### Directions for this task:
Copy each line below as it stands, but skip any picture it contains.

### Supplied information:
☆ ☆ ☆ ☆
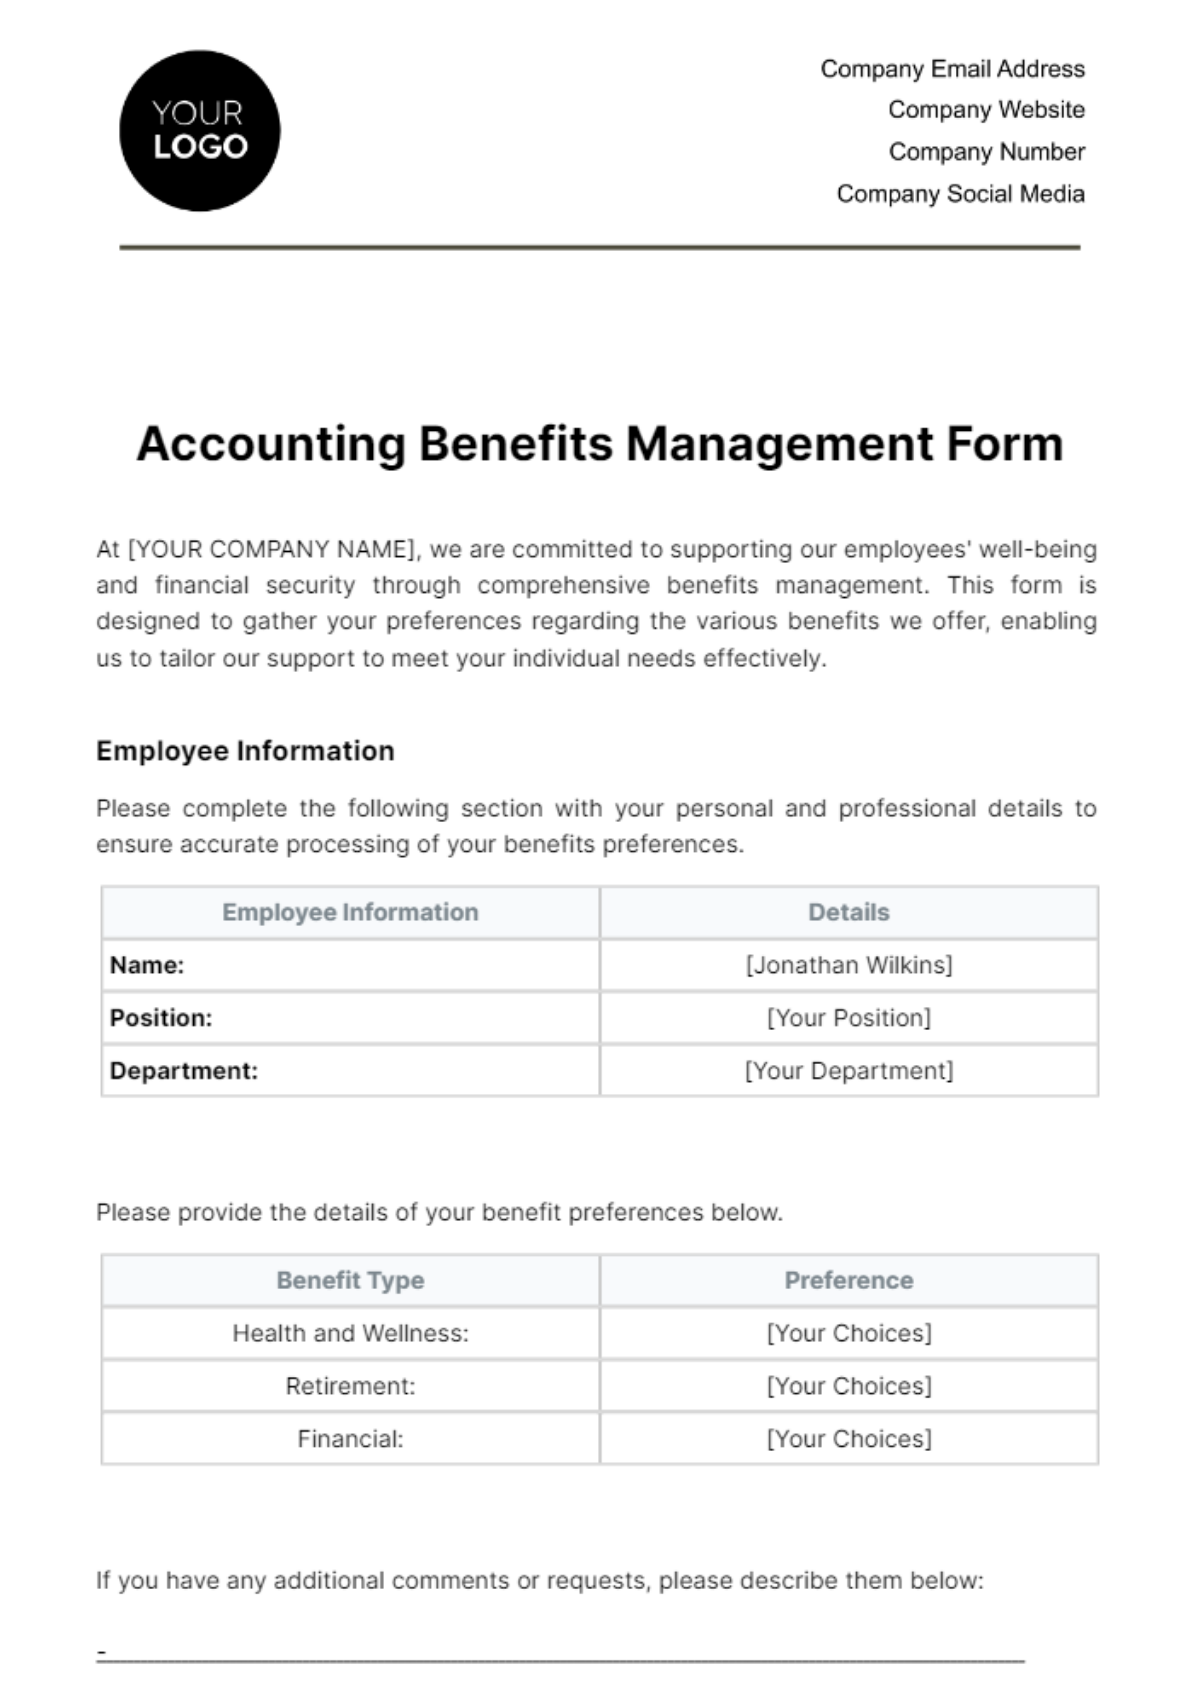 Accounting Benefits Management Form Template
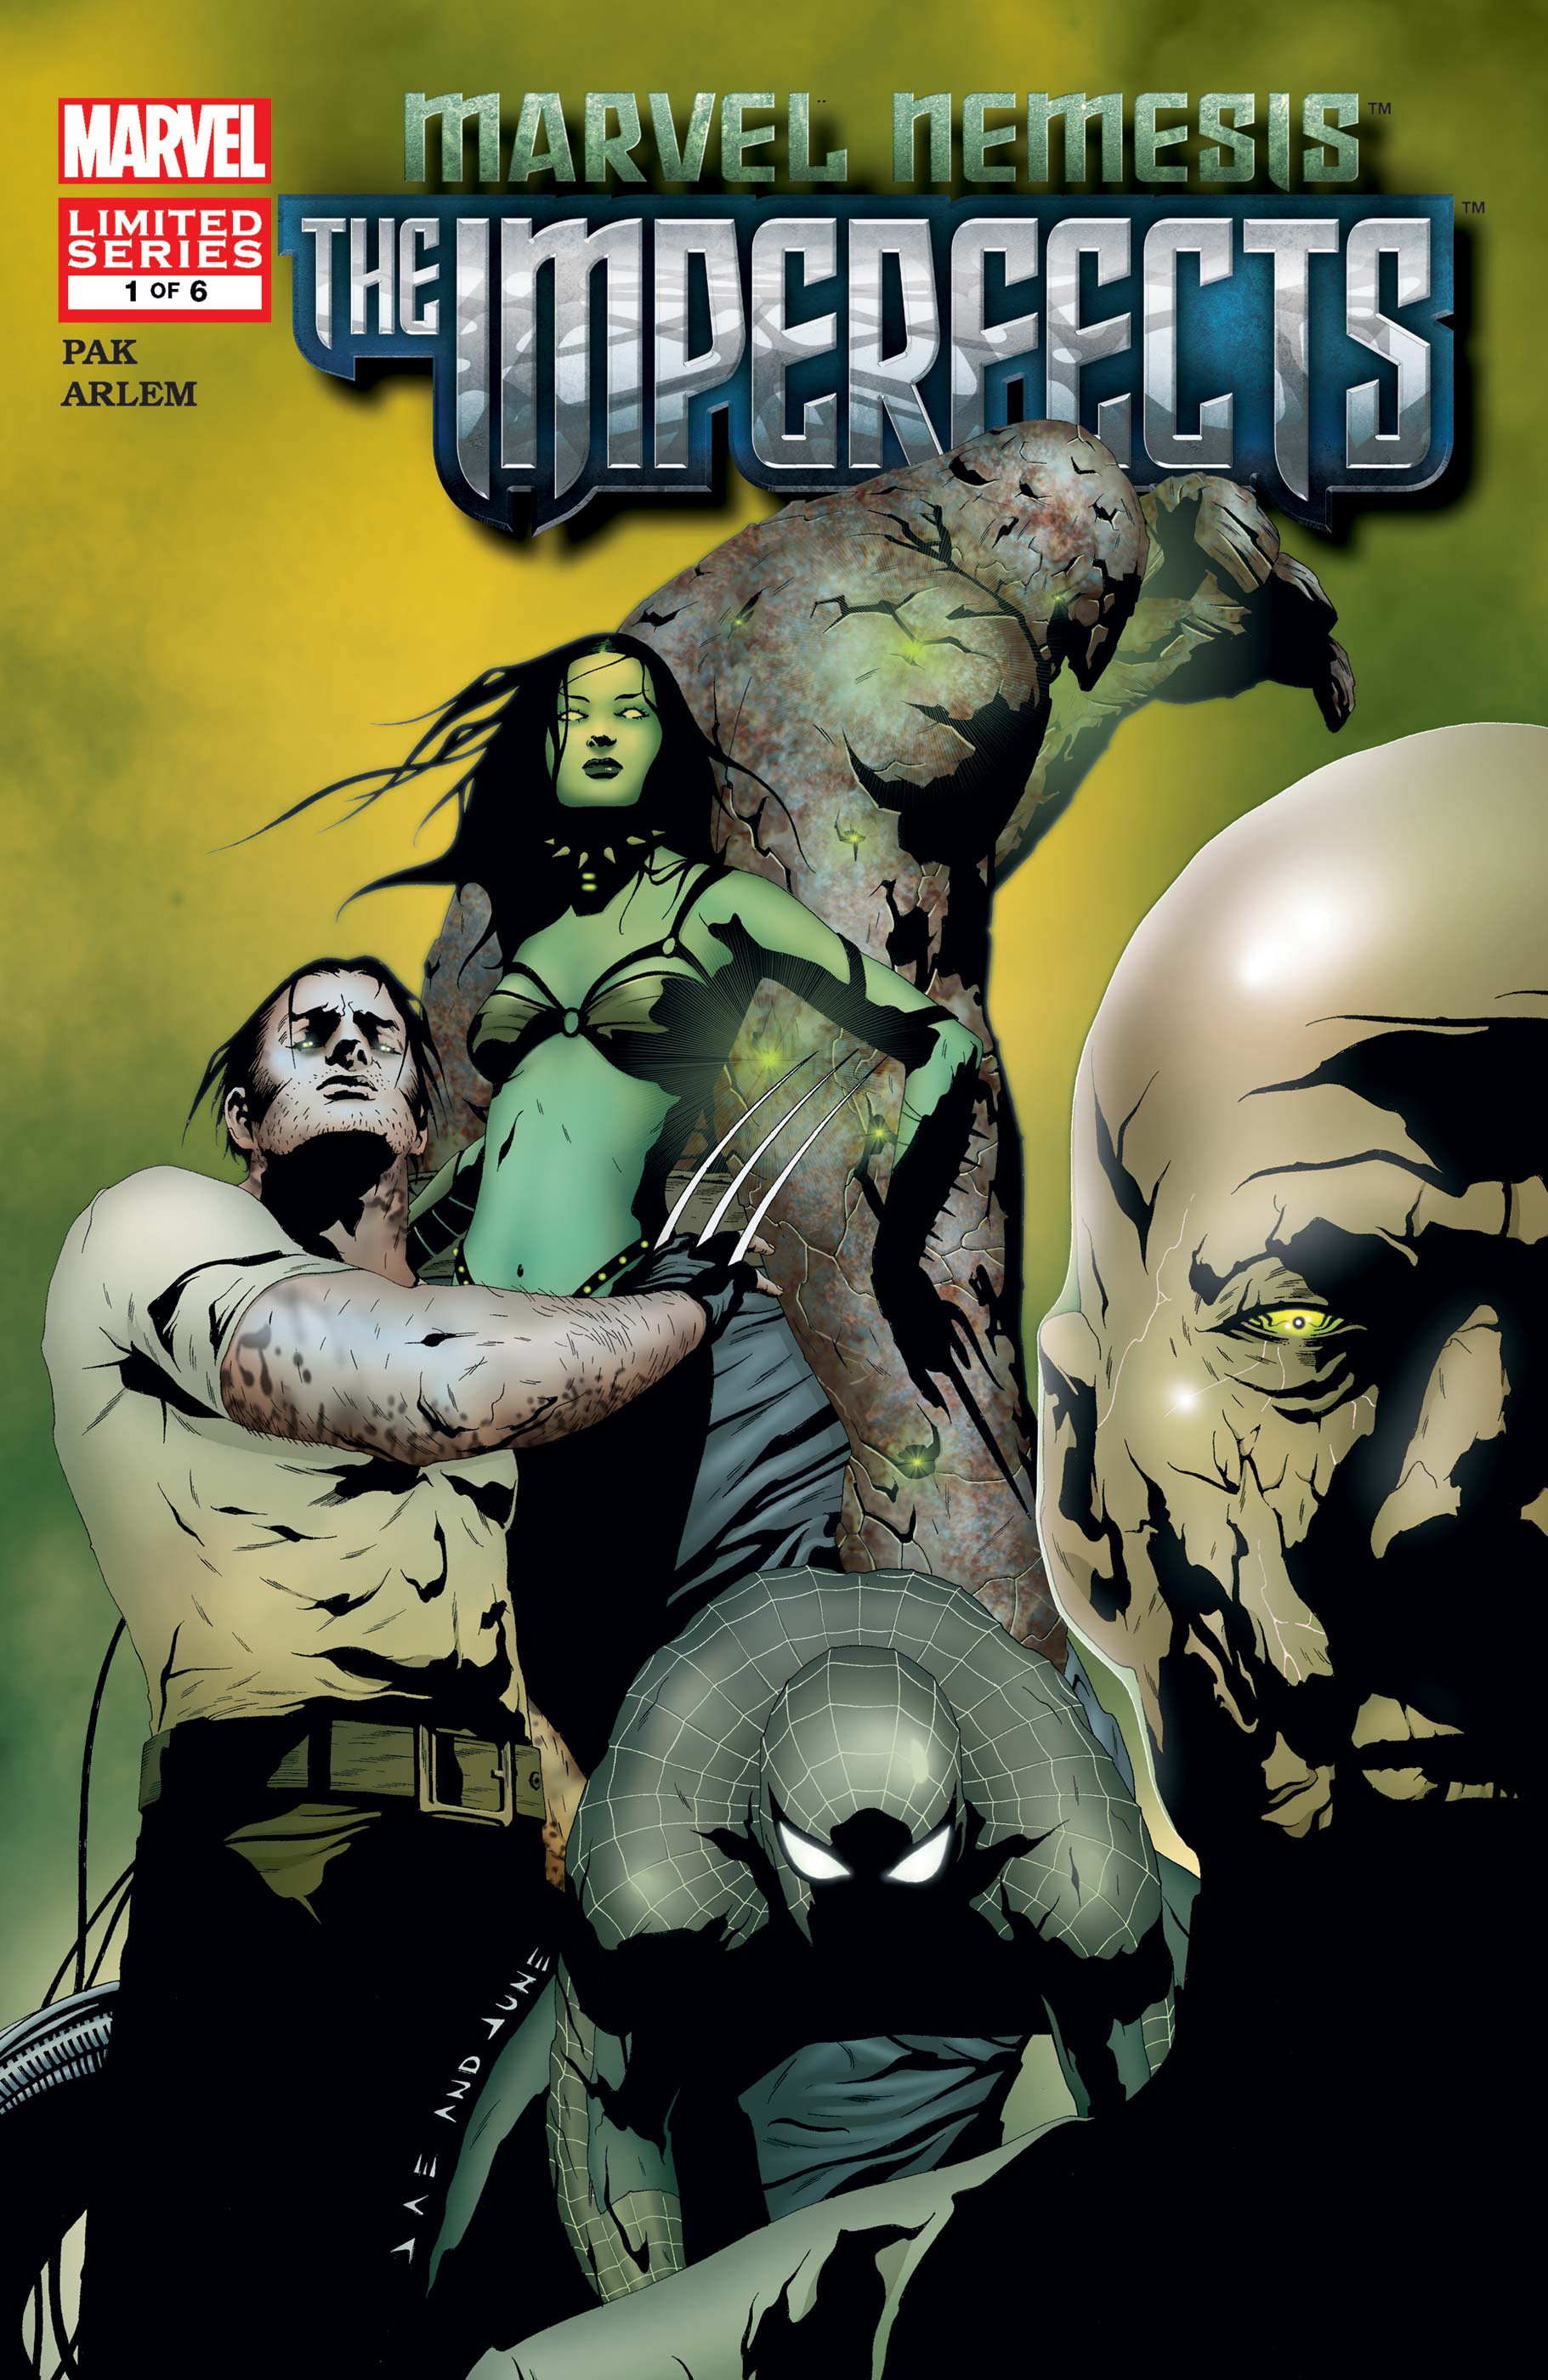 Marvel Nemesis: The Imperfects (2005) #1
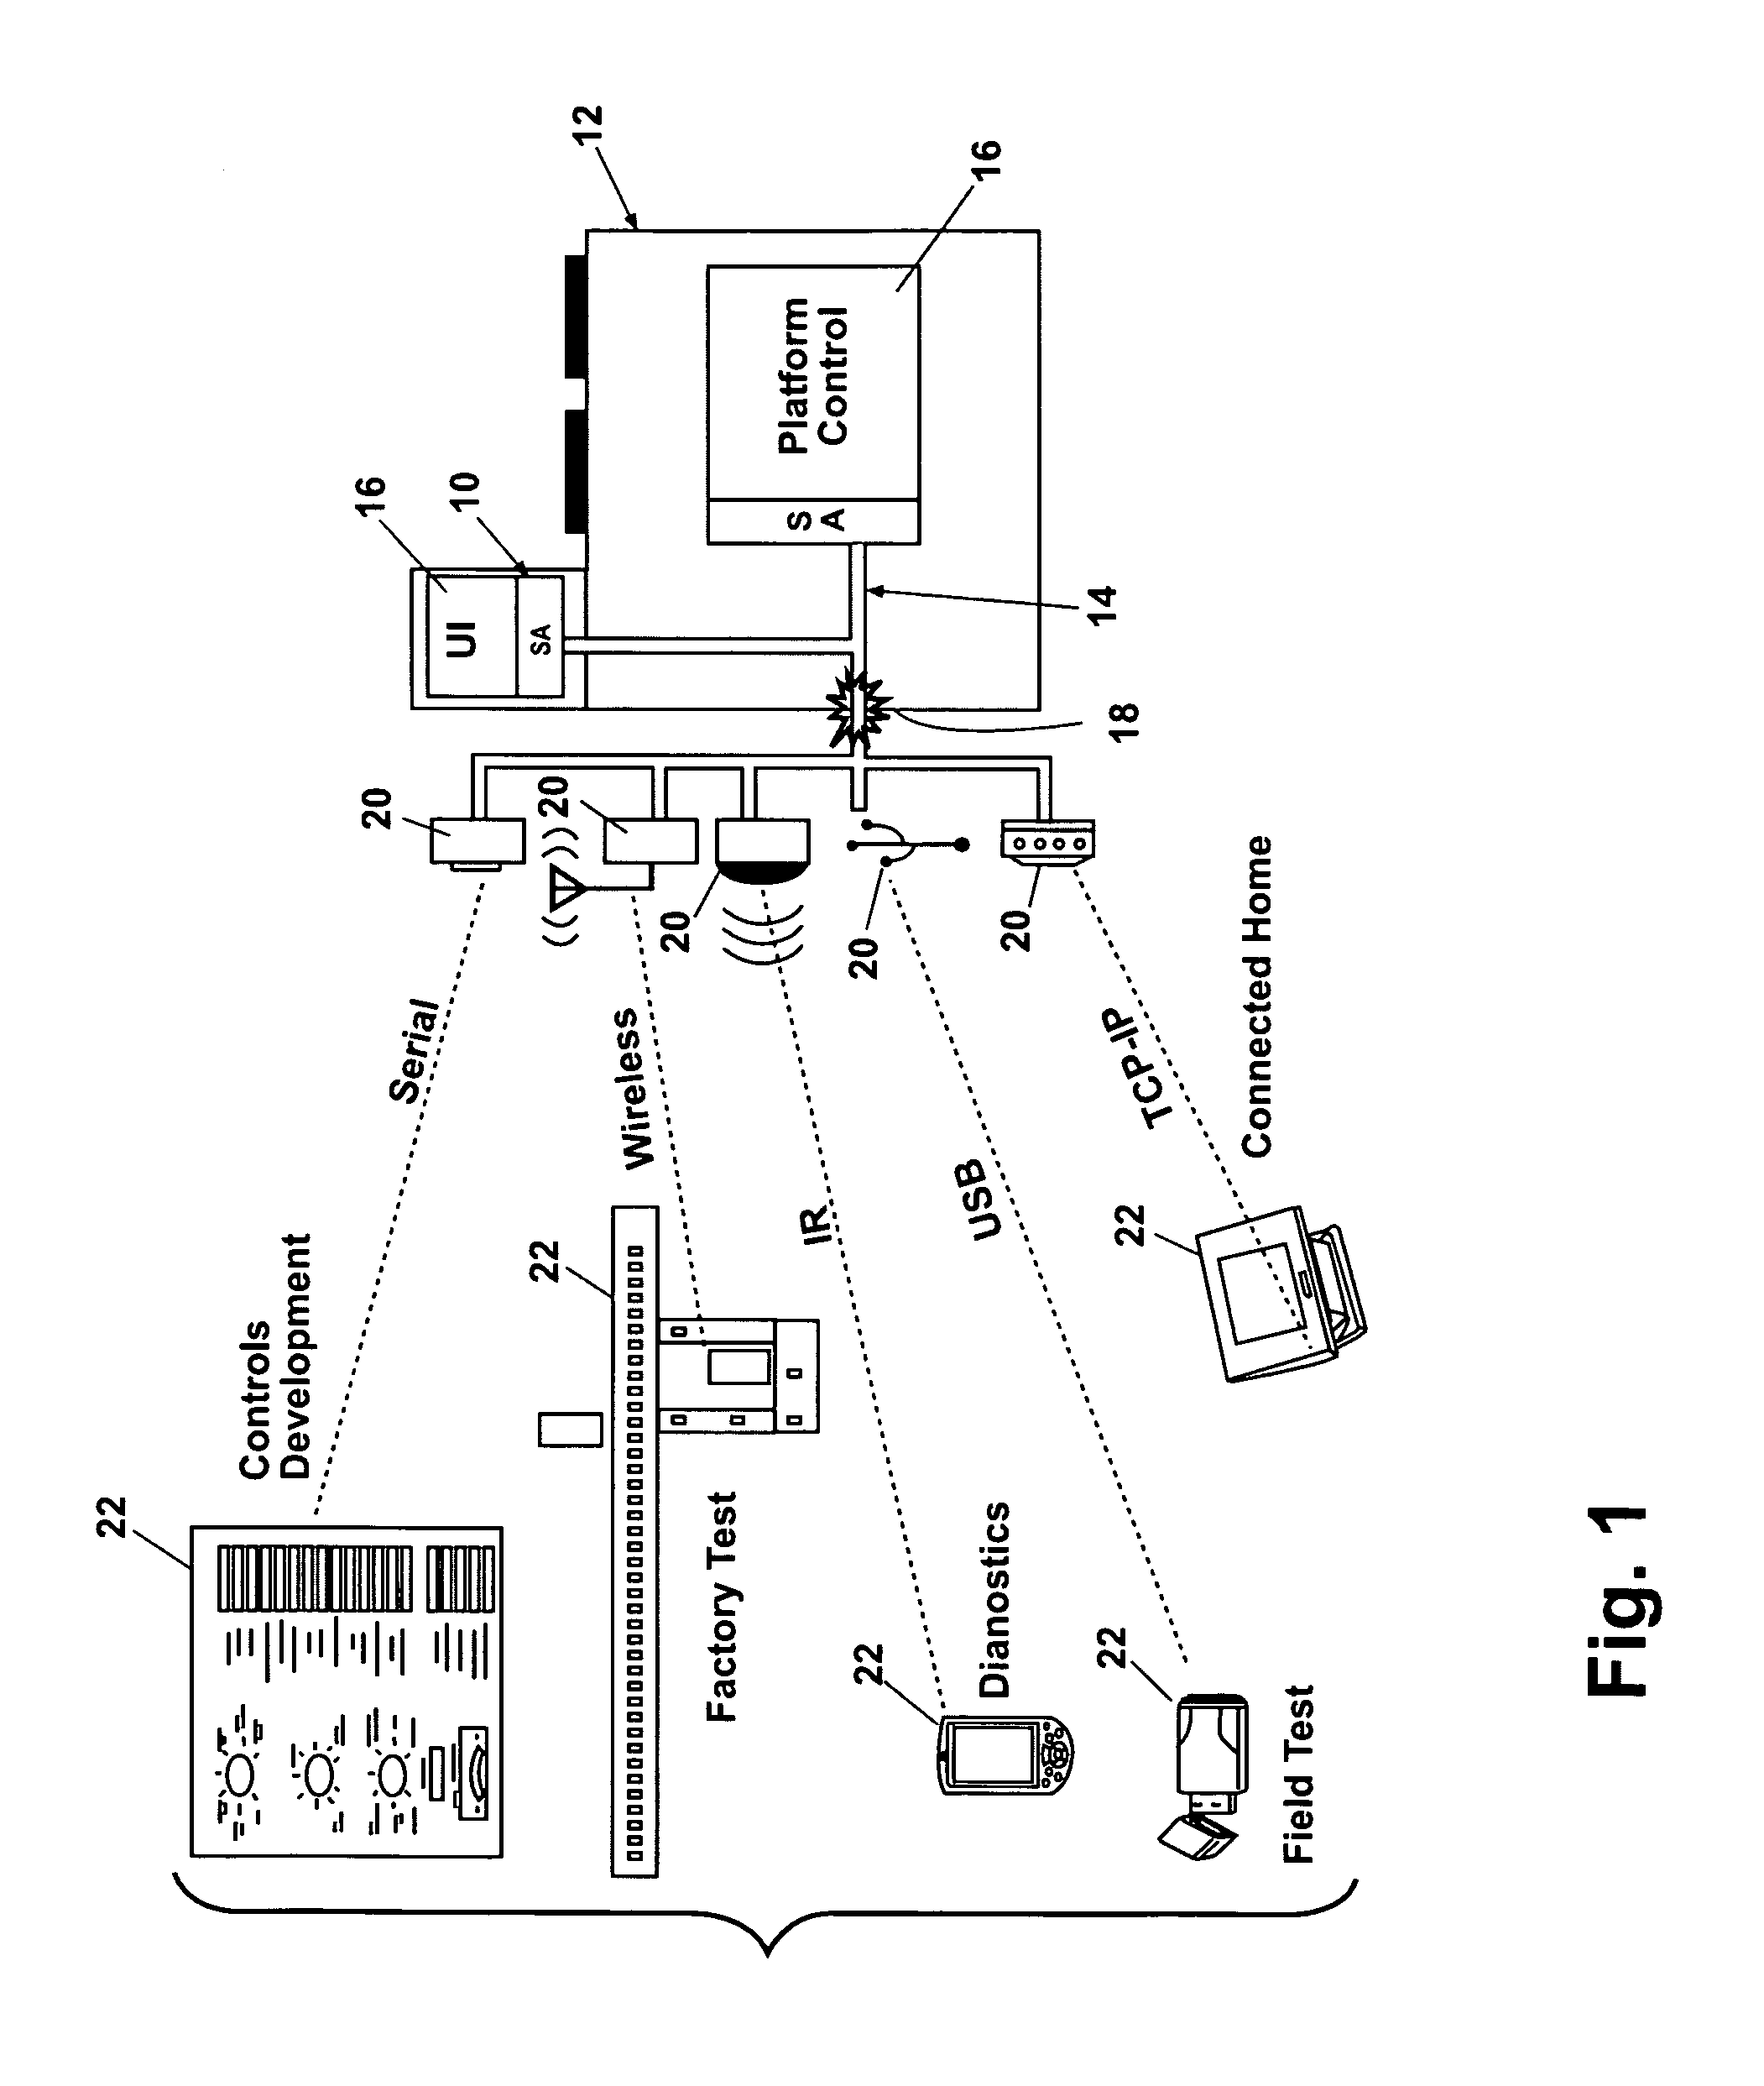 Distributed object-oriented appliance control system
☆ ☆ ☆ ☆
### Exercise solution:
 Accounting Benefits Management Form Template
 Marvel Nemesis: The Imperfects (2005) #1
 Distributed object-oriented appliance control system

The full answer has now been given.